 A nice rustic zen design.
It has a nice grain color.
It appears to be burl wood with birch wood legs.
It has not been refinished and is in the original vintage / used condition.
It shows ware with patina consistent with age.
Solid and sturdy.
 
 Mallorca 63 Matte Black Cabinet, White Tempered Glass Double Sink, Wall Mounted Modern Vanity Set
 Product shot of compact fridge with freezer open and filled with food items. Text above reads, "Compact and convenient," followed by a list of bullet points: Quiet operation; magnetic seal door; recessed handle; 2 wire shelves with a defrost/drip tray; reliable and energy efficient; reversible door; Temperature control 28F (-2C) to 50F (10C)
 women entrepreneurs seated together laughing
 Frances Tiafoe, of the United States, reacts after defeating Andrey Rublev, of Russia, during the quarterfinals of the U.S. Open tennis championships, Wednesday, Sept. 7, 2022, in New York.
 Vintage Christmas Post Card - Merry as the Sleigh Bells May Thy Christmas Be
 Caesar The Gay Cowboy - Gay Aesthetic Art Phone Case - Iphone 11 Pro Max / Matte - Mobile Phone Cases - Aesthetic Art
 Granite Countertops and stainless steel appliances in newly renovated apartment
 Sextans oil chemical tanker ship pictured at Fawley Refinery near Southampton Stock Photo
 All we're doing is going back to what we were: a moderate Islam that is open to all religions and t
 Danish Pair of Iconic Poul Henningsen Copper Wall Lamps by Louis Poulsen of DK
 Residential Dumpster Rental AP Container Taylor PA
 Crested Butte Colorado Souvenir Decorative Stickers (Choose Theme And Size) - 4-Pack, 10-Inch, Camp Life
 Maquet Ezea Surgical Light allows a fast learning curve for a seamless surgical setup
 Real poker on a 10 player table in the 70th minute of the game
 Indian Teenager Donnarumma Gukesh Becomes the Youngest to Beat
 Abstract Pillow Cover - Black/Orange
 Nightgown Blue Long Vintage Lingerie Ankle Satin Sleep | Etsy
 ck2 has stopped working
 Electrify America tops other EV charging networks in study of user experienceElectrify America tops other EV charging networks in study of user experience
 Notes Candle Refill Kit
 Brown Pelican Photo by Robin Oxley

_____

WHAT YOU ARE ASKED TO DO - Output only the lines from the one that contains "Danish Pair of" through the last line of the data above, each restated exactly.

RESPONSE TO THE EXERCISE -
 Danish Pair of Iconic Poul Henningsen Copper Wall Lamps by Louis Poulsen of DK
 Residential Dumpster Rental AP Container Taylor PA
 Crested Butte Colorado Souvenir Decorative Stickers (Choose Theme And Size) - 4-Pack, 10-Inch, Camp Life
 Maquet Ezea Surgical Light allows a fast learning curve for a seamless surgical setup
 Real poker on a 10 player table in the 70th minute of the game
 Indian Teenager Donnarumma Gukesh Becomes the Youngest to Beat
 Abstract Pillow Cover - Black/Orange
 Nightgown Blue Long Vintage Lingerie Ankle Satin Sleep | Etsy
 ck2 has stopped working
 Electrify America tops other EV charging networks in study of user experienceElectrify America tops other EV charging networks in study of user experience
 Notes Candle Refill Kit
 Brown Pelican Photo by Robin Oxley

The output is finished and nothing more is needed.